United States District Court, D. Maryland

August 28, 2014

DAVID C. MUIR, Defendant.


THOMAS M. DiGIROLAMO, Magistrate Judge.

This matter is before the Court on Defendant's Motion to Suppress Search and Seizure. ECF Nos. 14, 15. On July 10, 2014, a hearing was held at which United States Park Police ("USPP") Officer Charles Barner and Defendant testified. The parties thereafter filed supplemental briefs. ECF Nos. 16, 17. For the reasons stated below, Defendant's Motion (ECF No. 14) is DENIED.


On August 17, 2013, at about midnight, Officer Barner was driving his fully marked USPP cruiser eastbound on the Suitland Parkway, west of the intersection with Naylor Road, an area within the special maritime and territorial jurisdiction of the United States. At that location the Suitland Parkway consists of three lanes-two for through traffic and a right-turn lane to turn south onto Naylor Road. While Officer Barner was in the right-turn lane, he observed a vehicle ahead of him in the left through lane travelling at a high rate of speed. Officer Barner decided to make a traffic stop of that vehicle. Before moving to the left to pursue that vehicle, Officer Barner activated his overhead lights and looked behind to make sure it was safe for him to move to the left. At that point he observed Defendant's vehicle approaching from the rear in the right through lane. Defendant maintained his lane and speed as he passed Officer Barner's cruiser, coming to within one to one and a half feet of striking the front end of the police cruiser. After Defendant passed the cruiser, Officer Barner pulled in behind Defendant. Officer Barner intended to stop Defendant to inform him that it was unsafe to pass the officer as he did.

After pursuing Defendant's vehicle for about five minutes, Officer Barner ultimately stopped him in the District of Columbia and, after directing him to exit his vehicle, handcuffed and searched him. Because Officer Barner detected an odor of alcohol from Defendant, the officer conducted a horizontal-gaze nystagmus test on Defendant. As a result of Defendant's performance on the test, Officer Barner arrested him and placed him in the back of his cruiser. Defendant's vehicle was impounded.

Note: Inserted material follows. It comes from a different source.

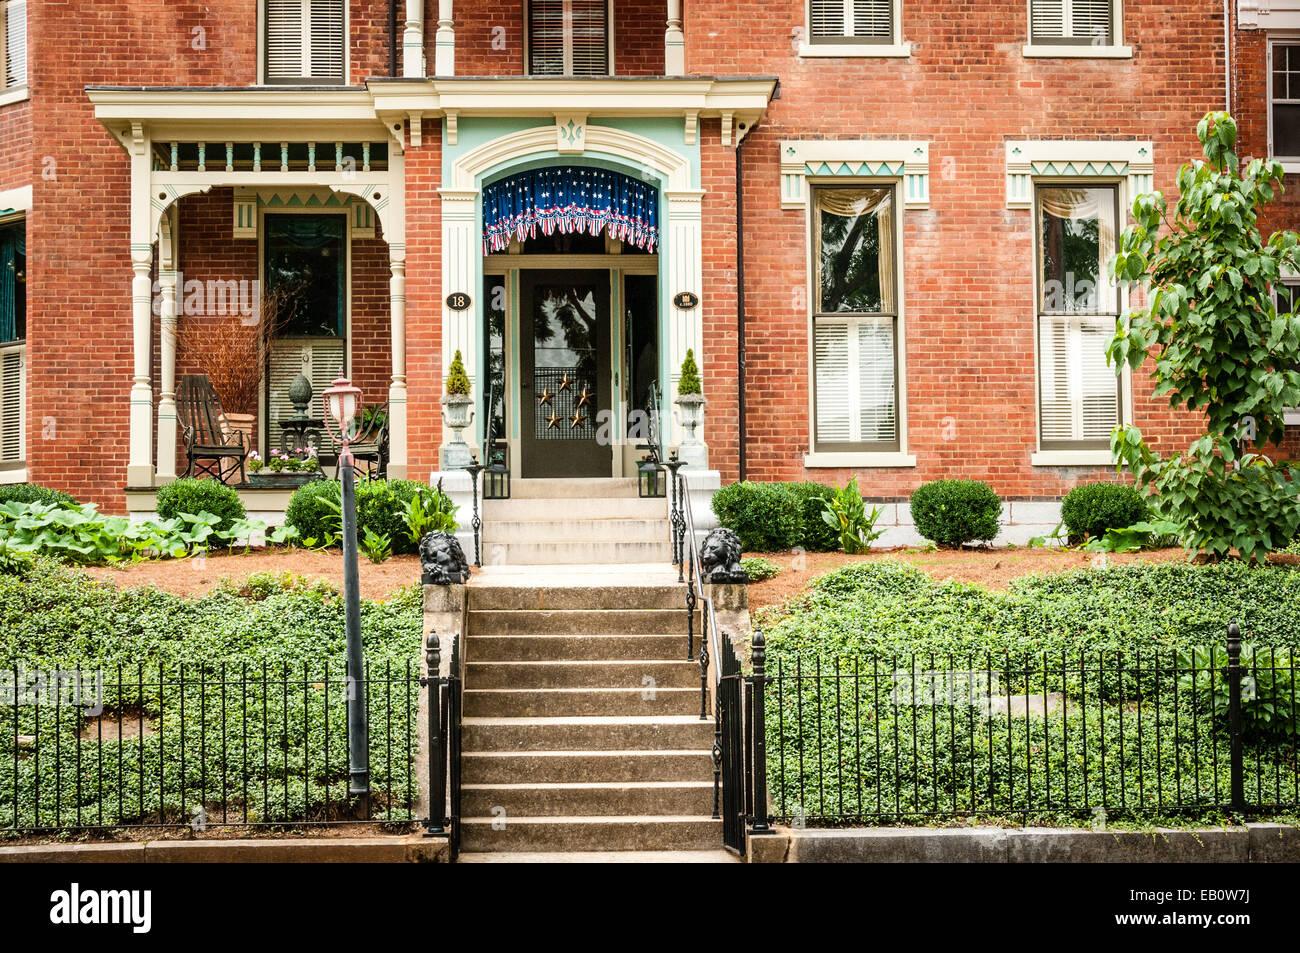 18 Church Street, Staunton, Virginia - Stock Image
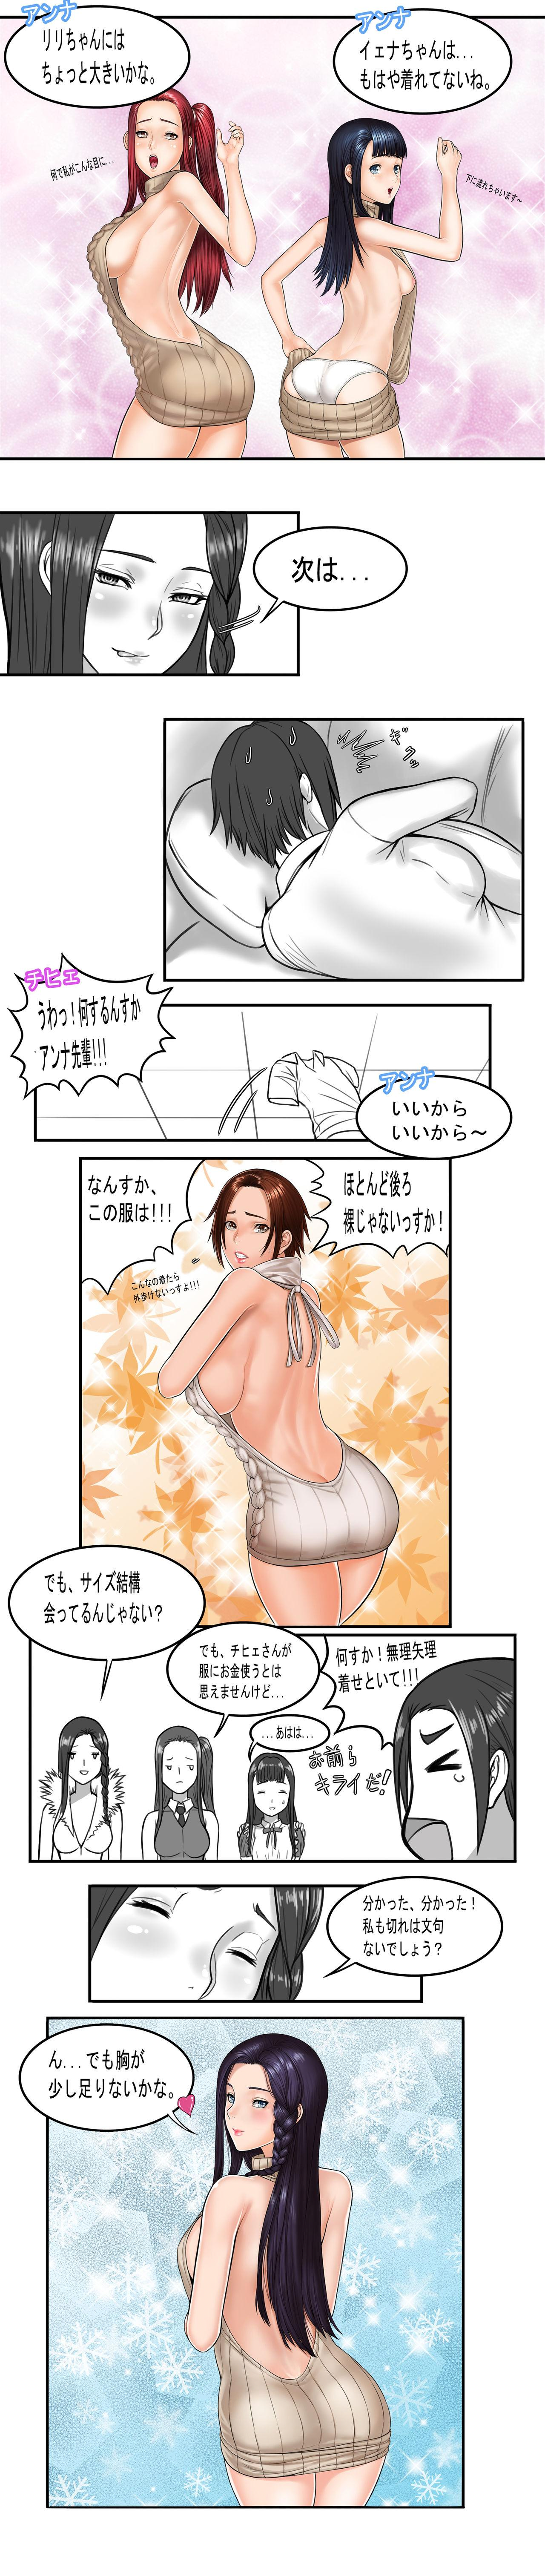 Sunshine Pro no Ichinichi 3

Officer Barner transported Defendant to the District 5 station, which took about seven to ten minutes, where Defendant's handcuffs were removed and, according to Defendant, he passed other field sobriety tests. According to the officer, following a twenty-minute observation period in the processing area, he read to Defendant the following USPP Form 21C ("Form 21C") while they were seated at a desk:

There is probable cause to believe that you were operating or were in physical control of a motor vehicle while under the influence of alcohol and/or drugs to the degree that rendered you incapable of safe operation, in violation of 36 CFR 4.23. The regulation requires you to submit to one or more tests of your breath, blood, urine, and/or saliva at the direction of a law enforcement officer to determine the sample's alcohol and/or drug content. Refusal to provide one or more samples of breath, blood, urine and/or saliva for testing is PROHIBITED. Your consent is NOT required to obtain any sample, and a sample MAY BE taken without your permission.
If a sample cannot be obtained through the reasonable efforts of the police, you will be charged with refusal to submit to chemical testing, an offense that carries a maximum penalty of imprisonment for six months, a fine of $5000.00, or both, and a special assessment fee of $10.00 and a processing fee of $25.00.
Furthermore, evidence of refusal may be admissible in any related judicial proceeding.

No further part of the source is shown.